What challenges do public schools face?

  • Large class sizes.
  • Using students as pawns in the education game. Education is being compromised and politicized by politics.
  • Schools may be coming to a crisis. Schools are on the cusp of either doing great things or falling into great decline.
  • People are getting burned out by having to do more with less.
  • State funding challenge. Nobody understands a formula that penalizes districts with declining enrollments. The compensatory funding formula punishes school districts in the suburbs. It’s horrifically biased against districts in our area. If a child in poverty goes to Lakeville, the district gets $100 to $200 in extra funding. If the child goes to Minneapolis, the district gets $1,000.
  • We need to get the suburbs to stick together. Rural communities stick together [on education issues]. We need the suburbs together.
  • Difficulty in servicing students moving from district to district and/or culture to culture. There are social issues that interfere with students moving through the system. In a mobile population, children are exposed to many crises. If a ninth-grader has been to 22 different schools, how do you deal with that student?
  • Rising health care costs. There’s tension between health care and education in their competition for funding. It’s a ticking time bomb. I’m very much afraid in this last legislative session that we didn’t do enough to address it. It will engulf us if we don’t get health care under control. That’s my No. 1 concern. Every district is facing this.
  • Too much testing. Excessive focus on testing.
  • Special education funding is inadequate.
  • Rising fees for student activities.
  • Local control is being eroded.
  • Teachers and schools keeping pace with the ever-changing world.
  • What do we want from seniors coming out of the system? We need a common understanding of what the standards should be. As far as standards, what is that level that we want? College prep? One standard? Many standards? Can we apply a single standard to a diverse student body?
  • An increasing population of English language learners.

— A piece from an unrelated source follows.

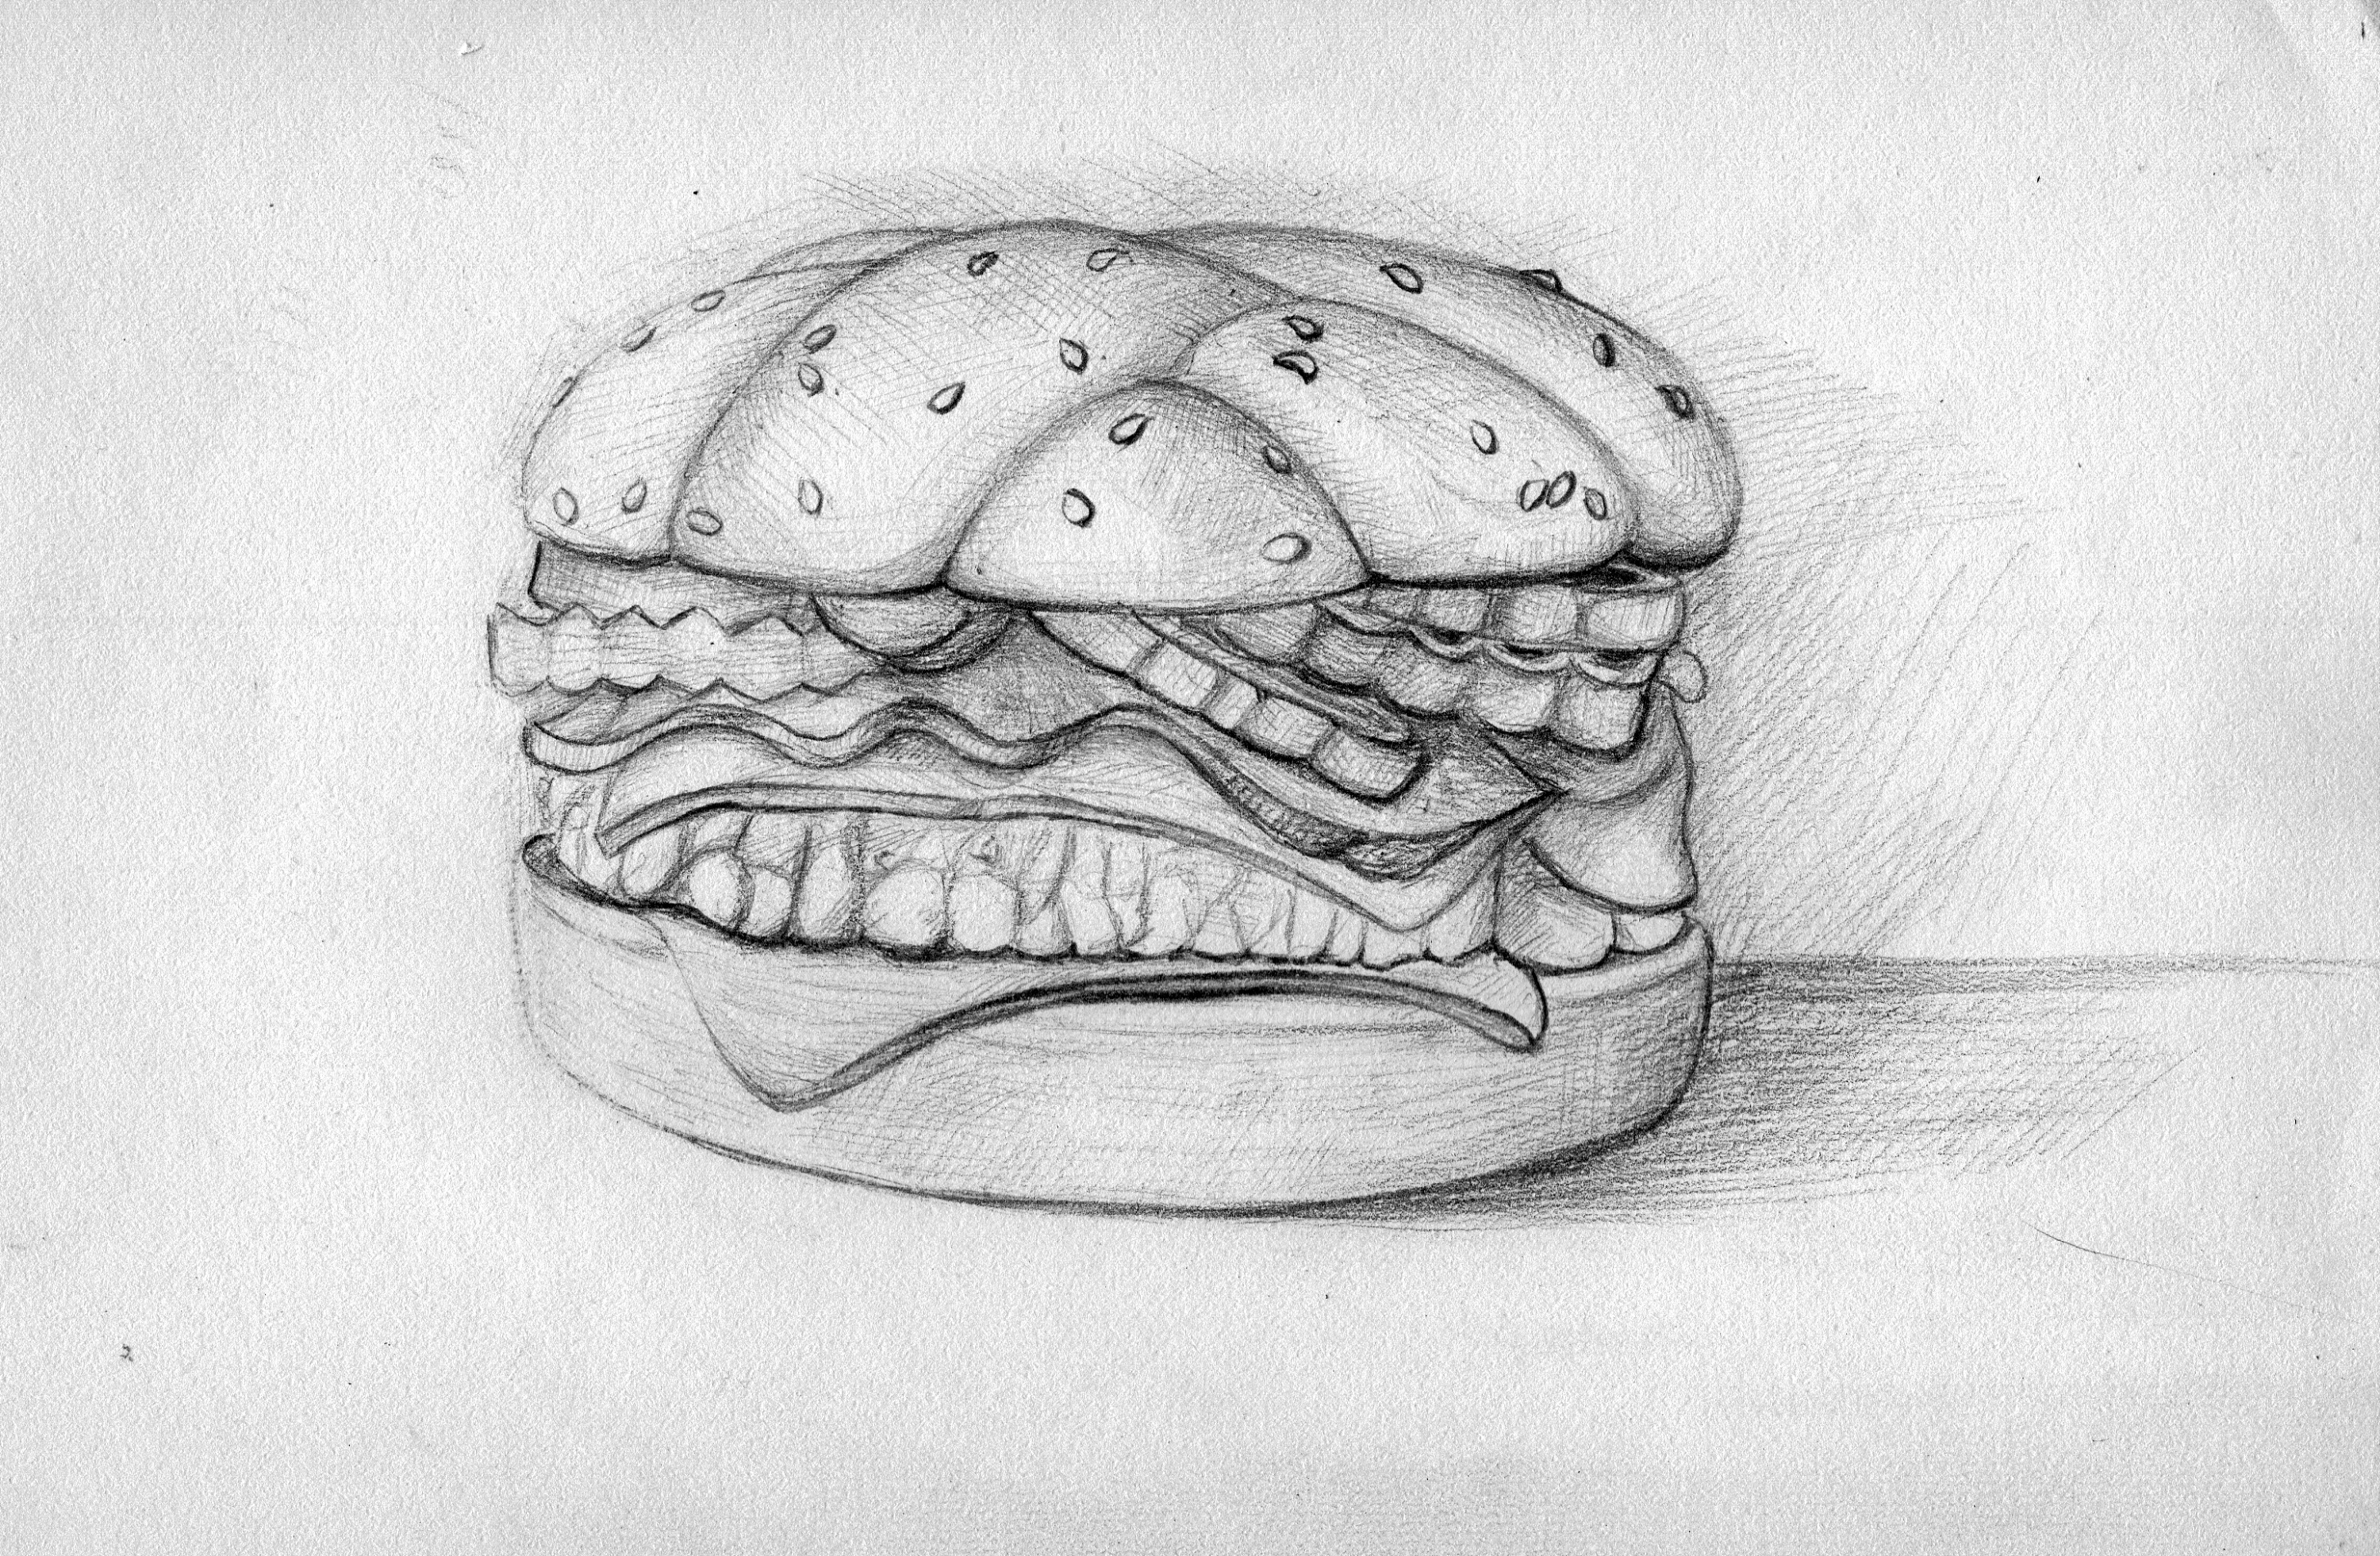 汉堡包简笔画素描图片

What should public schools provide?

  • An outstanding, well-rounded education.
  • Recognize that schools already provide a lot more than education. Schools are becoming a social service agency. Are we really allowing teachers to have the skill set they need to do their jobs?
  • The community expects more than an adequate education.
  • Schools need the ability to be consistent across districts in standards and competitive with the world.
  • All-day kindergarten. All kids need to come to school ready to learn. Not all parents have the ability to get kids ready to learn.
  • Restore discipline and structure in kids’ lives because they’re not getting it outside school. School should be a safe learning environment.
  • When kids graduate from high school, they should be ready for any career path. Not all will go to college.
  • Students need a well-rounded education without excessive emphasis on testing.
  • A track for the highest goals/expectations for all.
  • Make a high school diploma mean something and accessible to all.
  • Schools should provide the best educators in the field.

How can we all help schools achieve the above?

  • We need the school boards, the teachers union, the superintendents – all the organizations within the education community – to get together and talk about the good things going on. That approach needs to be made. They should be promoting the positive things instead of taking the defensive.
  • We need more meetings like this, more community input. We have to do whatever we can to get everyone to the table. More meetings with all the stakeholders in the same room talking about what works, what doesn’t and how to collectively make changes. Bring the stakeholders to the discussion.
  • If we can do precinct caucuses for politicians, we can do grassroots advocacy for schools.
  • Keep parents engaged. More parental involvement.
  • Research the candidates and vote for those who truly support public education.
  • Education community uniform in supporting schools and public education
  • Continued training of teachers.
  • Public education has a chip on its shoulder. If you don’t know any teachers and you don’t go in to the schools, it’s easy to criticize. Schools need to better inform the public about the good things. They should promote the public visiting the schools to see for themselves the work taking place. They will walk out believing in the schools.
  • Local control of schools, under the umbrella of guidance from the Legislature. Districts and local school boards do know what is best for their local students, teachers and community.